А белые стены смерча сомкнулись, как вода, отсекая нас друг от друга.
ГЛАВА 25. Идущие в вечность
Еще год назад Мудра была прекраснейшим из городов Лайонассы. Теперь это кладбище. Ледяная могила синего стекла, в которой навеки замерли, недвижимые, те, кто верил в себя, в науку, в вечность. Я не смог пройти сквозь городские врата. Я оплакал мой дом, глядя на проклятую землю, и развернул коня. Однажды наш народ возродится. Всё возрождается в этом мире.

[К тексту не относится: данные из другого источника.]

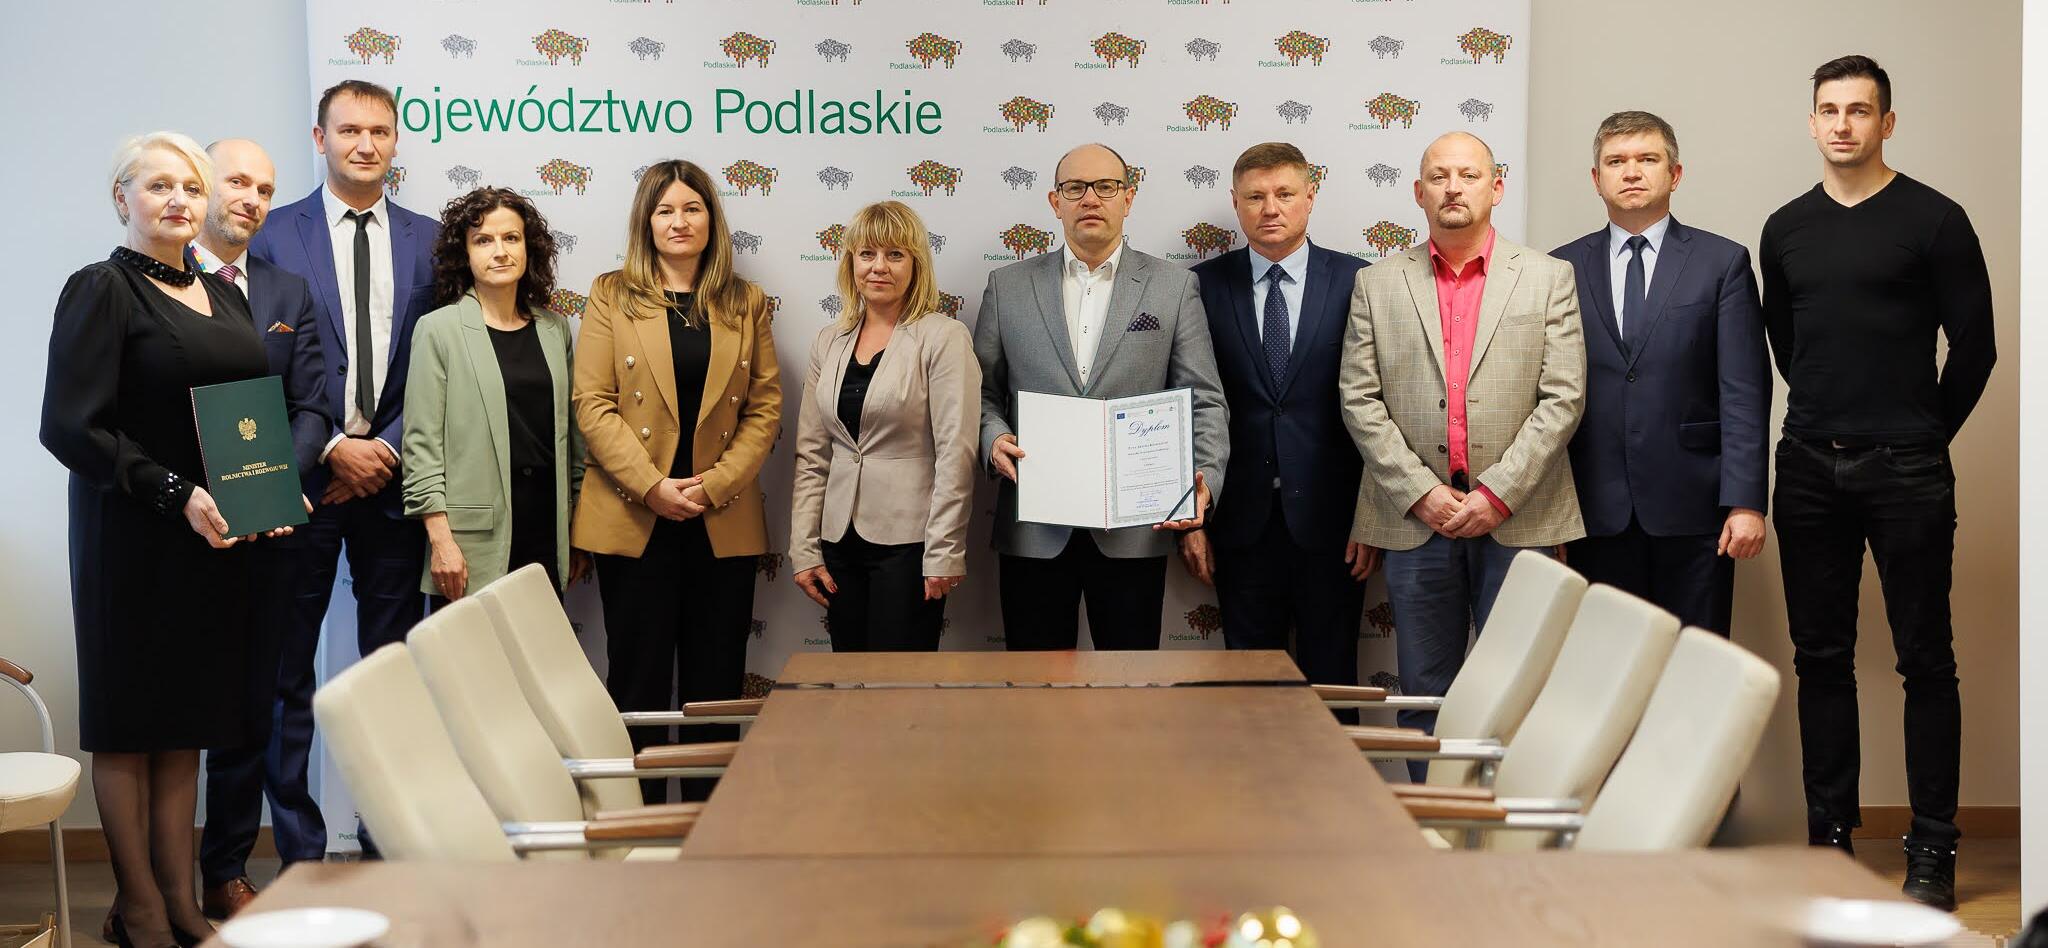 Sukces Wojewódzkiego Biura Geodezji w Białymstoku
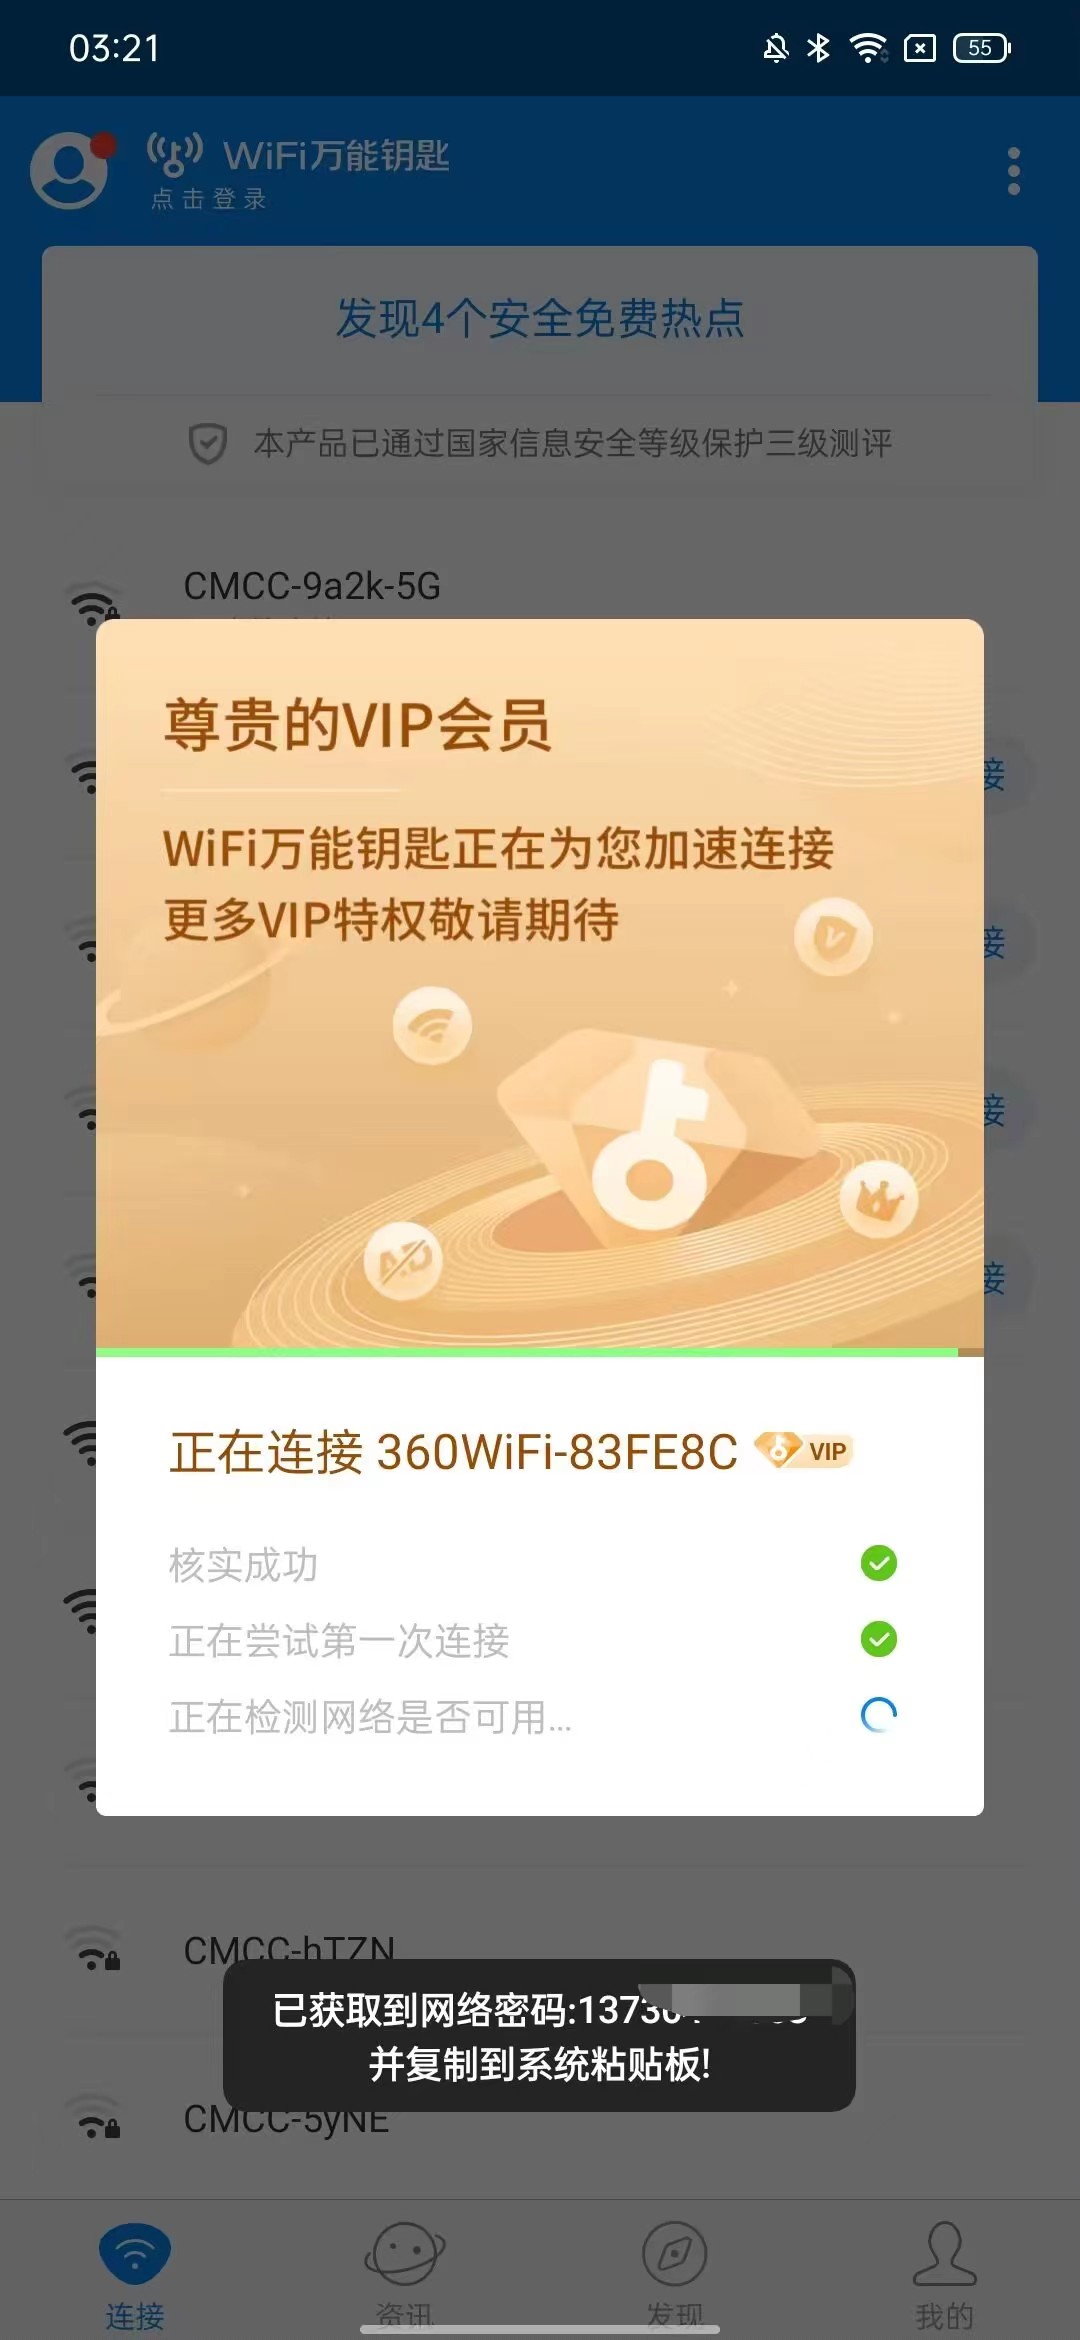 WIFI万能钥匙修复版去广告解锁SVIP 屠城辅助网www.tcfz1.com3821

Из записок Эйндика из Дома Ищущих,
Первого короля-на-чужбине, 1148 год
В начале я осознала вокруг себя тишину. Тишина была лёгкая и пустая, полная воздуха, и свежий ветер скользил в ней над водной прохладой.
— Ух ты! — сказал мальчишечий голос. — Неожиданно светло! А что ты здесь делаешь, Тинави?
Я открыла глаза и увидела, что сижу в позе лотоса в очень красивом месте.
Надо мной всё было залито солнечным светом, внизу царствовала тень. Свет и тень разделял дощатый подвесной мостик — на нём я и находилась, — растянутый между двух острых горных вершин, которые поросли пальмами, папоротниками и лианами с гроздьями ароматных соцветий. В долине текла река — пронзительно-синяя, пенная, видно, что очень тёплая.
Голос меж тем задумчиво протянул:
— Да и что я здесь делаю — тоже вопрос, если честно…
Я перевела взгляд на своего неожиданного собеседника. Рядом со мной сидел Карл в детской ипостаси, и с большим удивлением пытался распутать уже свои ноги, также связанные в стиле чьяги.
Я подозрительно сощурилась на всемогущего мальчишку:
— Меня-то сюда выкинул кат-ши. Но вот ты… Сомневаюсь, что пушистый дух ветра перемещает богов, как ему вздумается.
— Не перемещает! — Карл сумел-таки развязать конечности и облегчённо выдохнул. — Я понял. Это сон. Твой сон. В реальности я не надеваю это, — он пальцем очертил овал своего лица. — Но ты привыкла к такому облику, и мне приходится соответствовать.
Я удивленно подняла бровь:
— То есть на самом деле я разговариваю сама с собой?
— Ну… Вообще, большинство людей только и делают, что разговаривают сами с собой. Не потому что сумасшедшие, а потому фильтрация и последующая интерпретация чужих слов всегда очень, очень субъективны… Собеседнику почти не остается места в этих монологах. Но нет. Крохотная частичка моего сознания действительно тут. Я не умею дробить его по своему желанию, как это делает Рэндом, но, когда кто-то по-настоящему нуждается в моем внимании, — приходится являться. В форме сна, внутреннего голоса или, — Карл страдальчески вздохнул, — Рекламной смски. Знаешь, иногда они приходят поразительно вовремя.
Я широко улыбнулась:
— Тогда здравствуй! Я очень соскучилась по тебе, Карл.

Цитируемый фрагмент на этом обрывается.